Available MRI modeling techniques have usually applied multi-slice imaging of the objects of interest to capture the experimental displacements introduced into these objects in the scanning environment. Our study has uniquely attempted a morphology-based single-plane and an orthogonal imaging protocol to quantify experimentally induced displacements in our models. Additionally, we have used a fast-scanning protocol with dynamic contrast-enhanced pulse sequence and compared its outcome to a standard high-resolution T1 imaging. Both these methods have demonstrated high-levels of reliability in quantifying displacements in objects within the MR imaging volume. These findings provide basic proof-of-concept for the notion that a reliable non-ionizing-radiation-based motion quantification technique can potentially be used to characterize a quasi-static visualization of joint kinematics from a single and biplanar approach. The use of dynamic sequence and image processing can be further explored to attempt quantification of joint kinematics in synchronized motion. Additionally, while our single-plane technique does not objectively address detecting out-of-plane motion, inclusion of the orthogonal imaging in the biplanar approach helps manual positioning of the model to match the corresponding out-of-plane shifts of the image silhouettes.

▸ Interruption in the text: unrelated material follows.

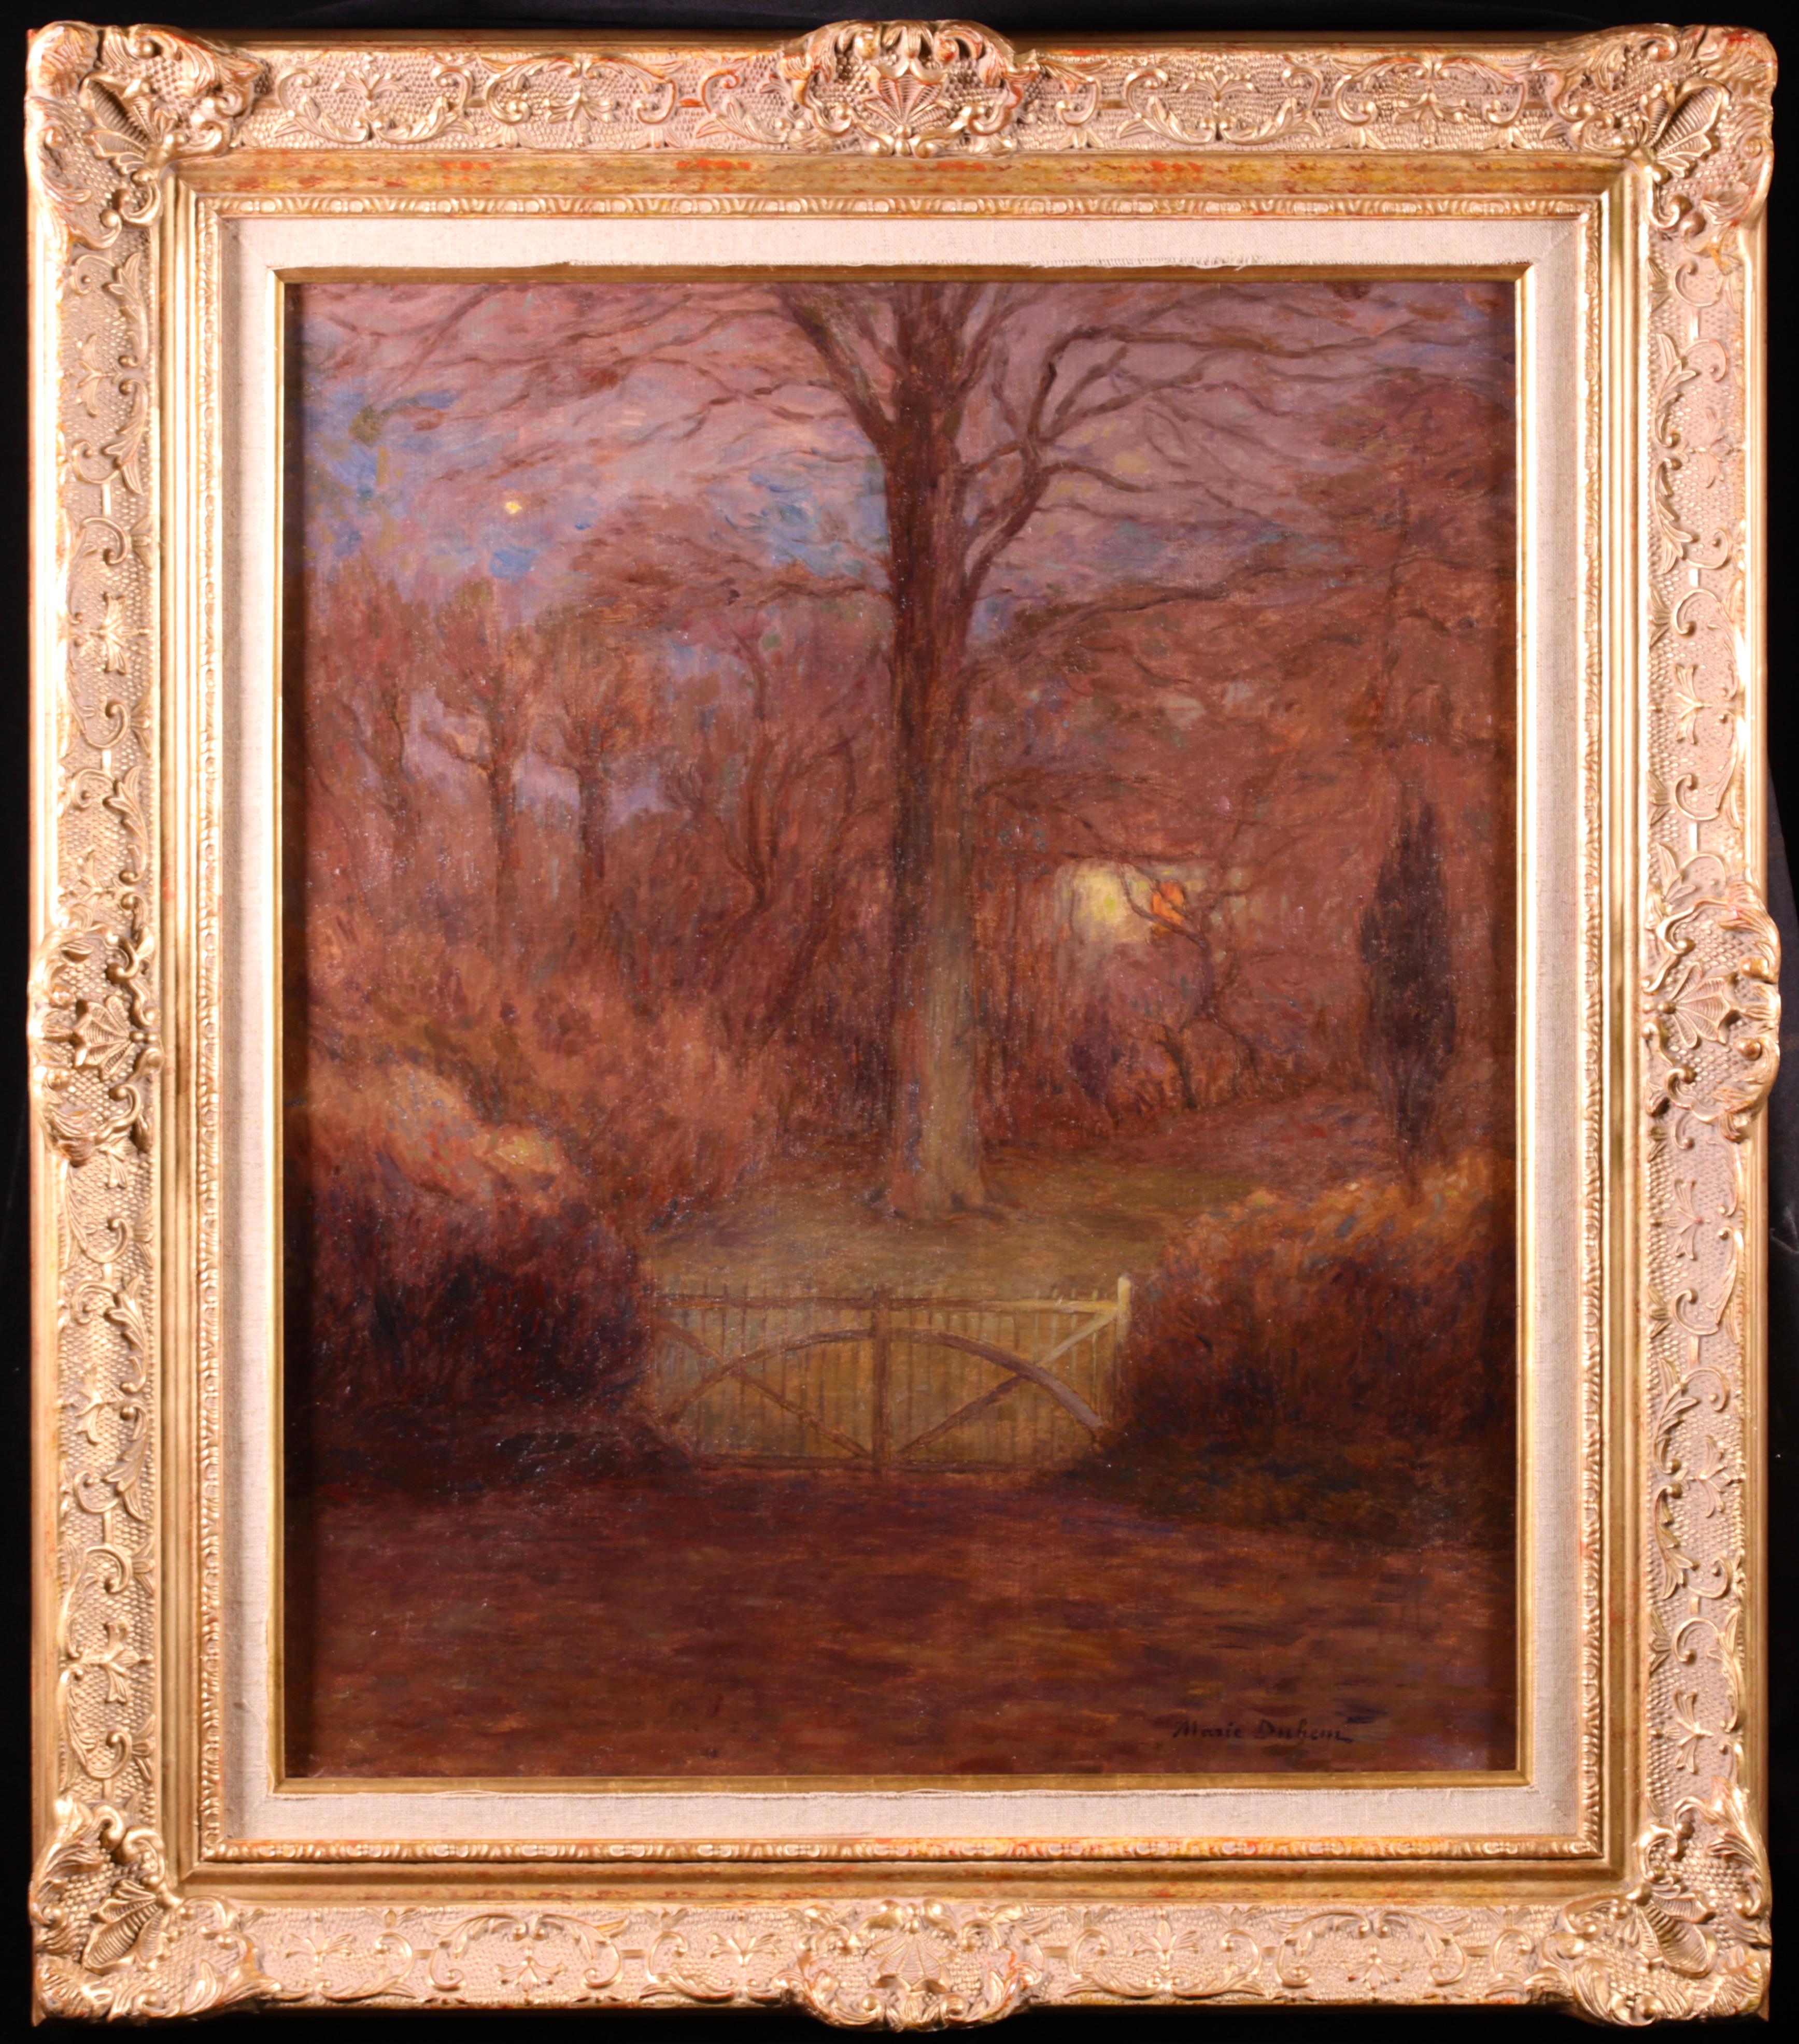 Signiert und betitelt Öl auf Leinwand Landschaft circa 1910 von Französisch Impressionist Maler Marie Duhem. Das Werk zeigt einen eingezäunten Garten, der von Büschen und Bäumen umgeben ist und in dessen Mitte ein hoher Baum steht. Am dunkelblauen

While our initial development results are promising, our study has some limitations. First, we have used static two-dimensional imaging for quantification purposes; and we do not know whether comparable levels of reliability would have been observed if the dynamic pulse sequence were used to scan the solid-bodies in real-time during an un-synchronized motion with subsequent quantification of these images using the technique reported here. The approach we chose was based on technology currently available; to our knowledge, an MRI-compatible device that would permit real-time manipulation of motion is not commercially available, and the custom development of such a device would require significant resources. Second, the current approach required manual segmentation and post-processing, which is very time intensive. Accordingly, we do not know how the use of semi-automatic protocols or automatic iterative segmentation algorithms would have changed our results. Third, while we reported high levels of reliability for a novel biplanar imaging modality (i.e., quantification of motion in two planes, or coupled motion), the orthogonal images obtained for this analysis were not acquired simultaneously (i.e., an image slice was first acquired in one plane and then acquired for the corresponding orthogonal plane) due to the inherent limitation of MR imaging to do so. While this is not necessarily a limitation of the current work, it could pose a limitation for future work that seeks to acquire simultaneous multi-planar images of motion. Lastly, we only assessed reliability and did not assess accuracy. We are currently conducting experiments that will assess accuracy of our technique in a porcine spine model.

Conclusion

In summary, this work provides basic proof-of-concept for a reliable non-ionizing-radiation-based marker-less imaging technique that can potentially be used to quantify quasi-dynamic displacements between joint elements. Additionally, this morphology-based MRI-only technique could be explored further as a tool for real-time joint kinematics analysis.